◆ WHAT NEEDS TO BE DONE ◆
Retype nothing except the lines below from the one with "Beautiful extra large" through the one with "The round dining", exactly, with images left out.

◆ LISTED RECORDS ◆
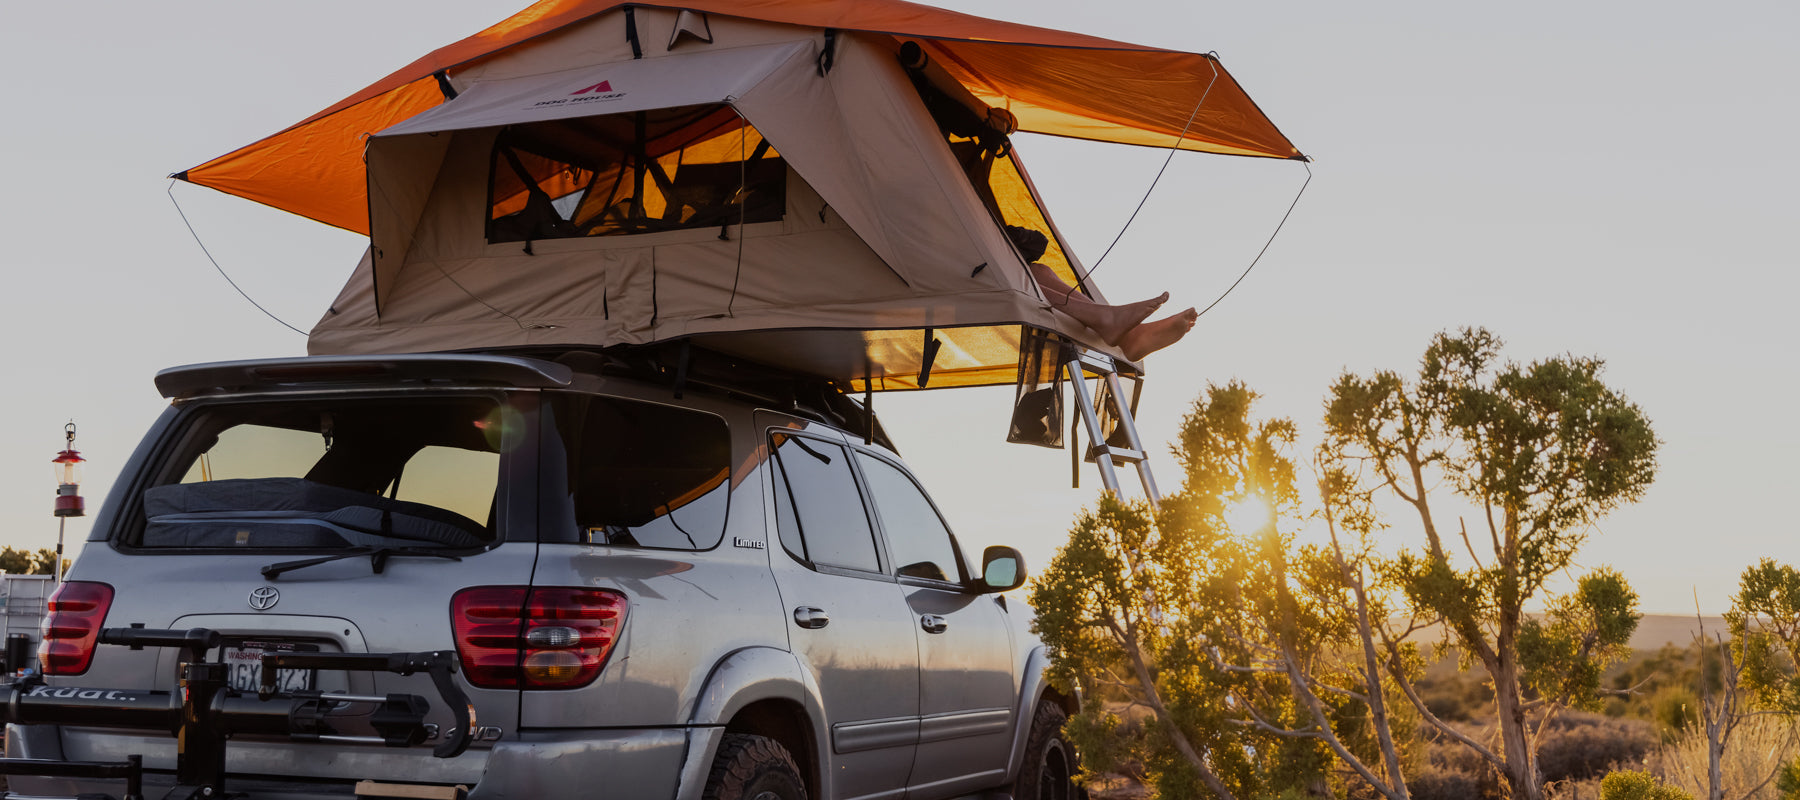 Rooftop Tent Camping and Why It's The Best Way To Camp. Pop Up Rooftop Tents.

--

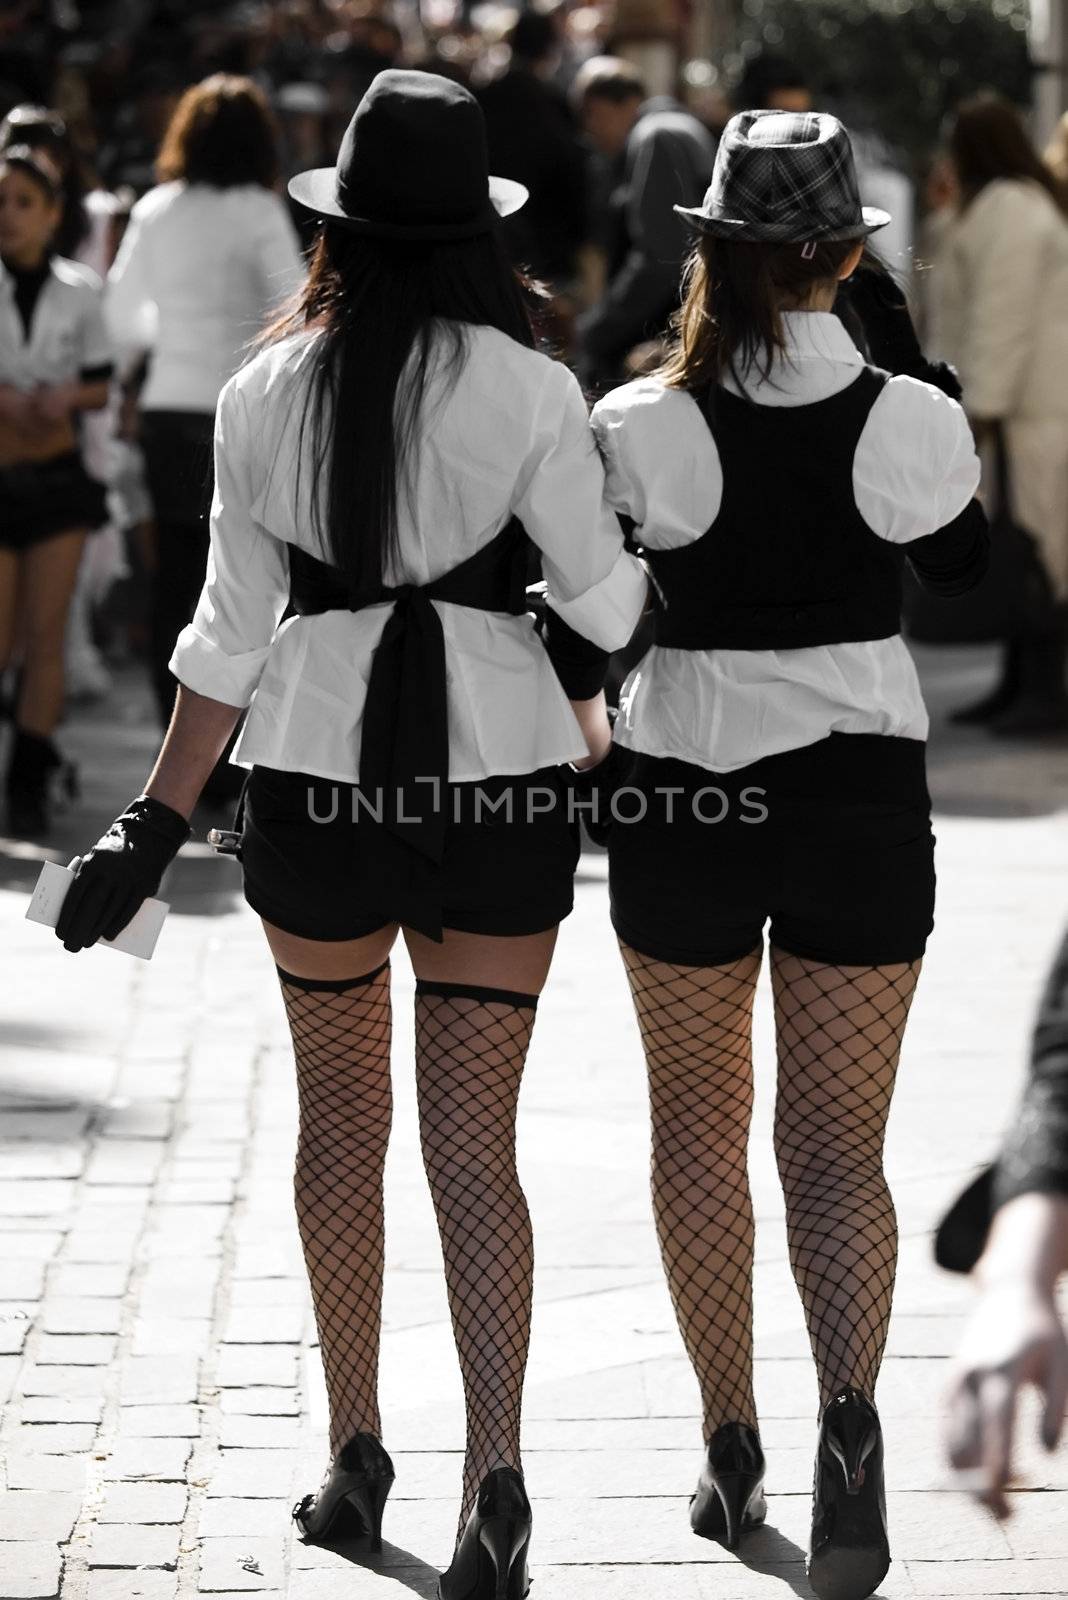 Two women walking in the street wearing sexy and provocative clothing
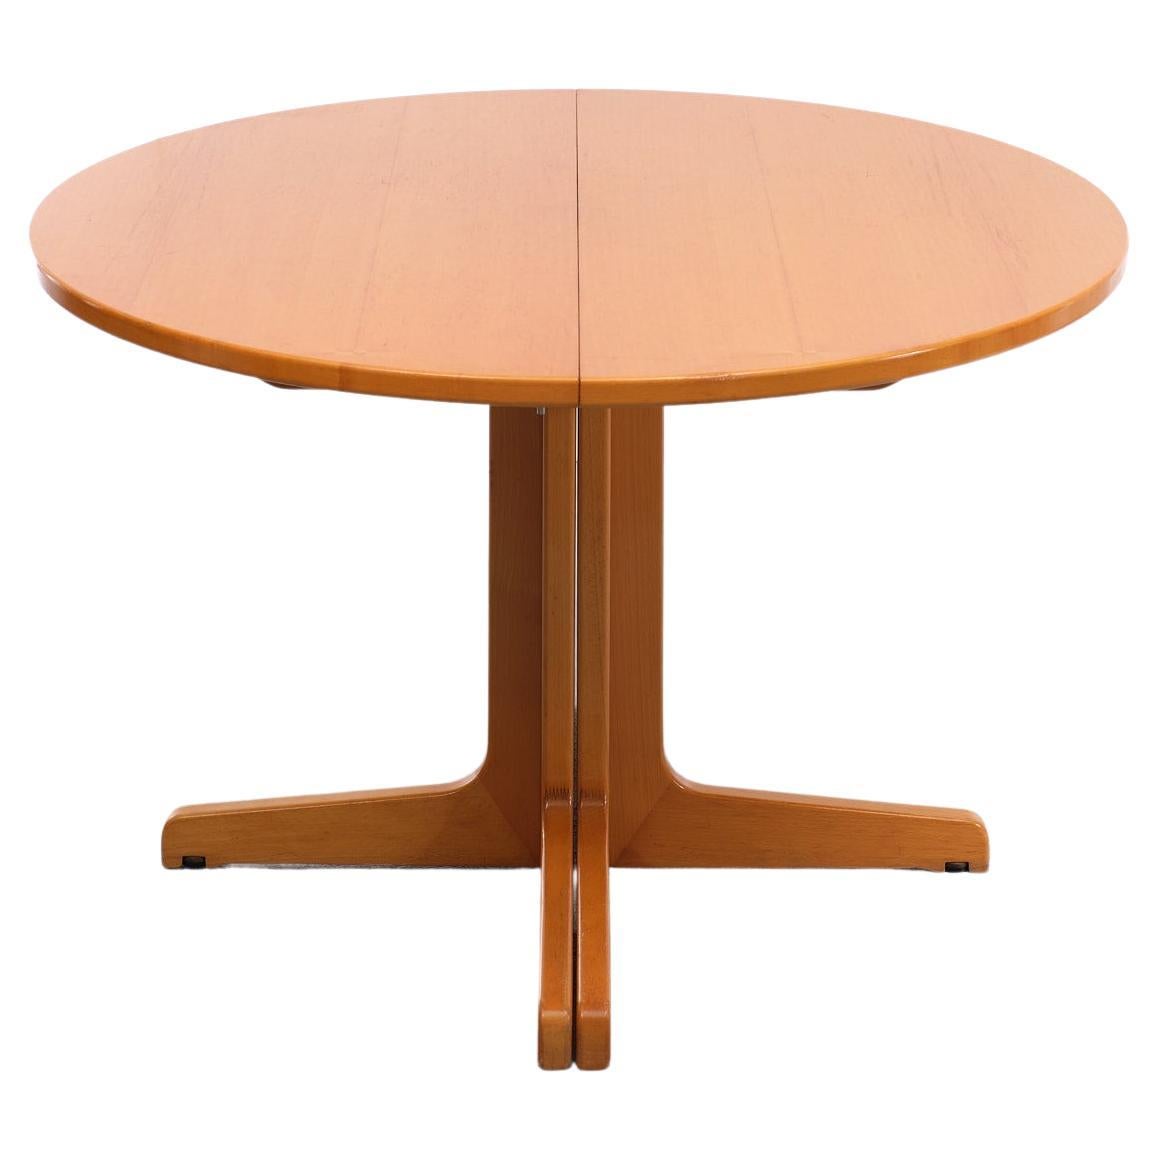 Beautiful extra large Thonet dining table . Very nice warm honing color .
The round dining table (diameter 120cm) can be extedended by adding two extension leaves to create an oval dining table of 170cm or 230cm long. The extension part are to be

...

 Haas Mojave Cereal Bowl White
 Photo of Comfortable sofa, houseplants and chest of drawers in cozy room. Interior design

◆ WRITTEN ANSWER ◆
 Beautiful extra large Thonet dining table . Very nice warm honing color .
The round dining table (diameter 120cm) can be extedended by adding two extension leaves to create an oval dining table of 170cm or 230cm long. The extension part are to be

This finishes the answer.